Why not? This wasn't found by source review. The computer was slow, somebody looked into why. The bug was discovered via analysis of binary artifacts, and only then traced back to the source. Bruce Dawson does this all the time on Windows.

https://randomascii.wordpress.com/category/uiforetw-2/


Proprietary software typically does everything within its power to stop you introspecting it.

Also, Windows is just suspicious in general. It's slow, everything makes network requests. Finding malware in Windows is a needle in a haystack. For some perspectives, Its all malware.


It is difficult to find out why Windows is slow again. My colleagues using Windows complain about it regularly, but not not even one ever started an investigation whether there might be backdoor or not, because this would be hopeless. With open-source it is feasible.

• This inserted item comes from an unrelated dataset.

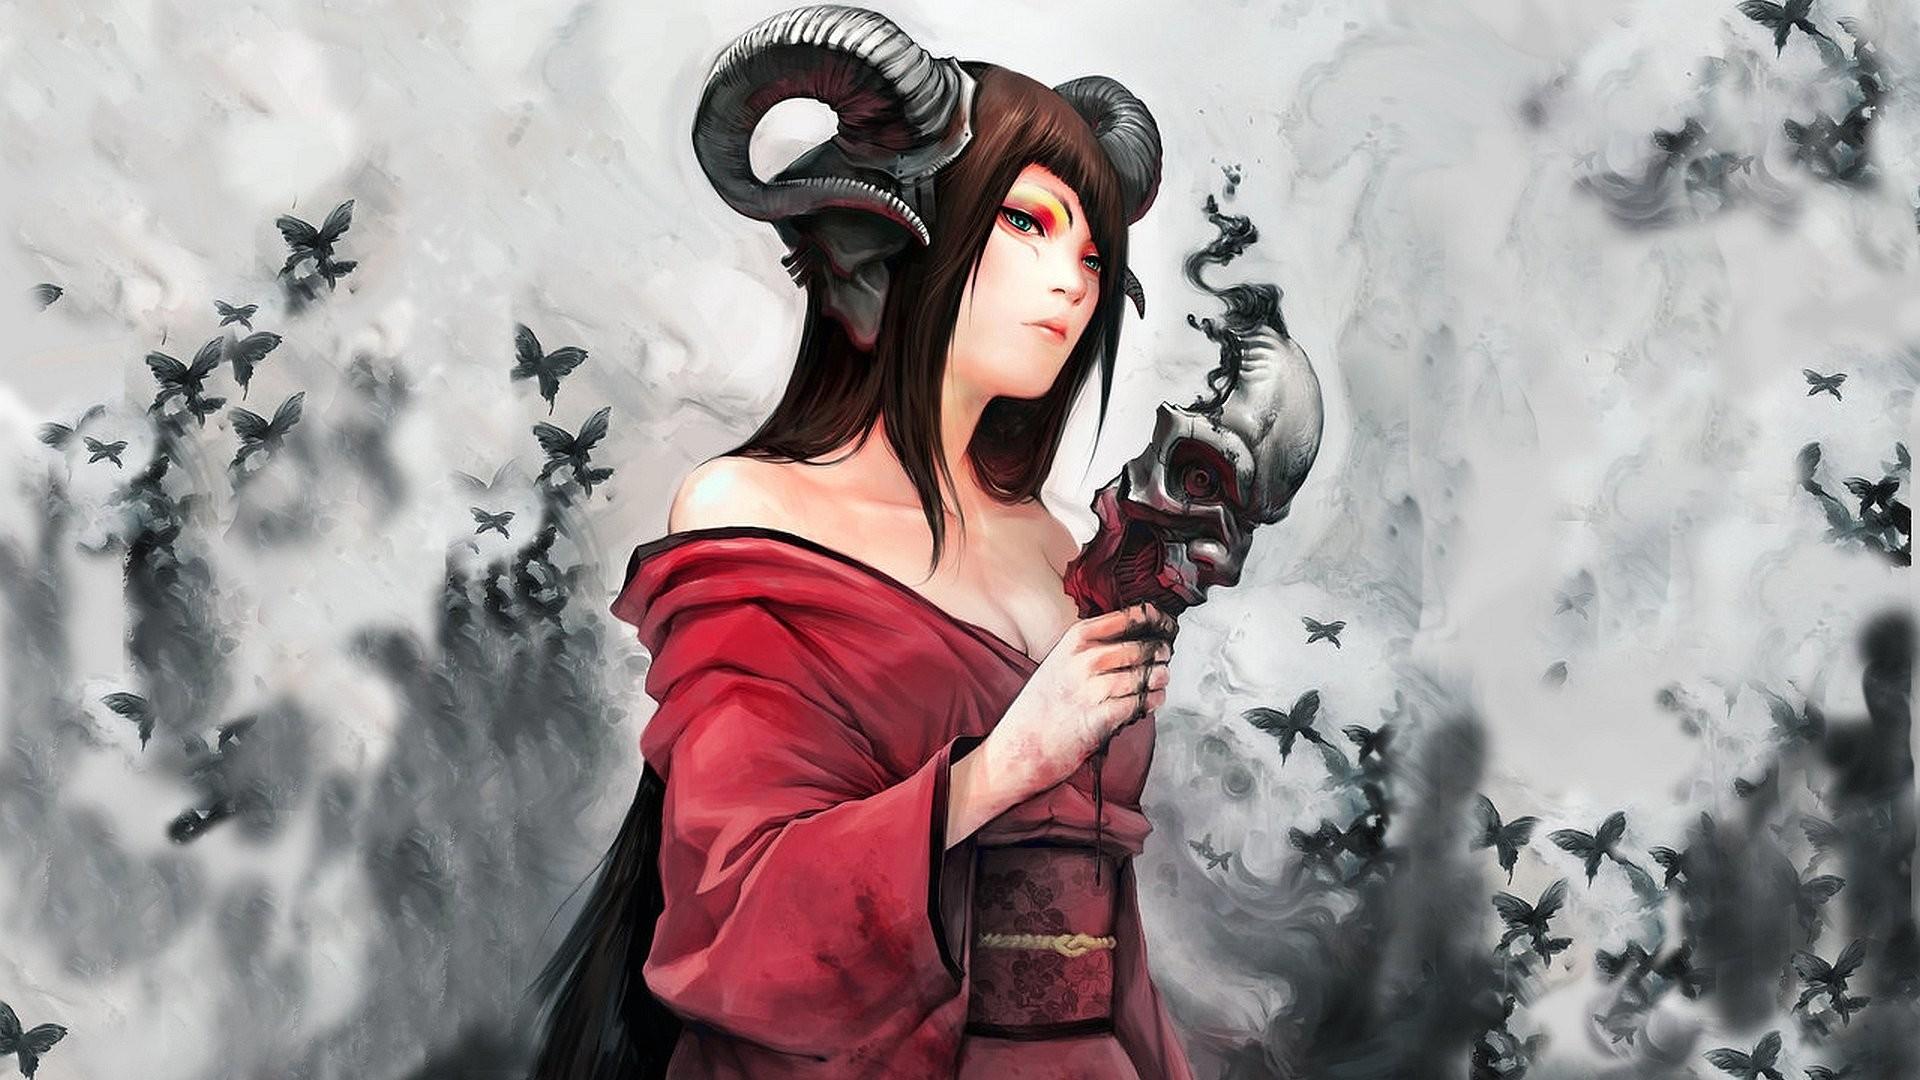 Z wallpaper horned girl

Okay, how, could someone like Jia Tan sneak code into a codebase where commits can only be made by authenticated users with staff accounts on a private network?

Versus… a random email offers to help, someone says “sure!”, and… that’s it. That’s the entire hurdle.

Google did discover a Chinese hacker working for them on the payroll. That kind of thing does occur, but it’s rare.

It’s massively harder and more risky.


Well, xz is a rare event too.

There's no knowing how many backdoors were added by small network companies or contractors. But there's rarely accountability when it happens because the company would rather cover it up, or just not ask too many questions about that weird bug


> xz is a rare event too.

The discovery of the hack is rare, sure. Once a decade kind of thing.

The implication is that Jia Tan is a professional, and XZ was one of many irons on the fire.

Don’t be like Trump!

Don’t confuse positive tests with cases!

Jia Tan surely had many other attacks going.

Surely he’s not the only one.

Famously, there are two kinds of large organisations: those that have been hacked, and those that don’t yet know they’ve been hacked.

The open source community was the latter.

Now they’re the former.

Some of you all are still playing catch up.


The main difference is that closed source software is not auditable, so when it is compromised you don't know.

It's safe to assume pretty much all the firmware you're running is vulnerable. It doesn't matter though, because you cannot find out.

The attackers can. You can't. And that's why we still have botnets.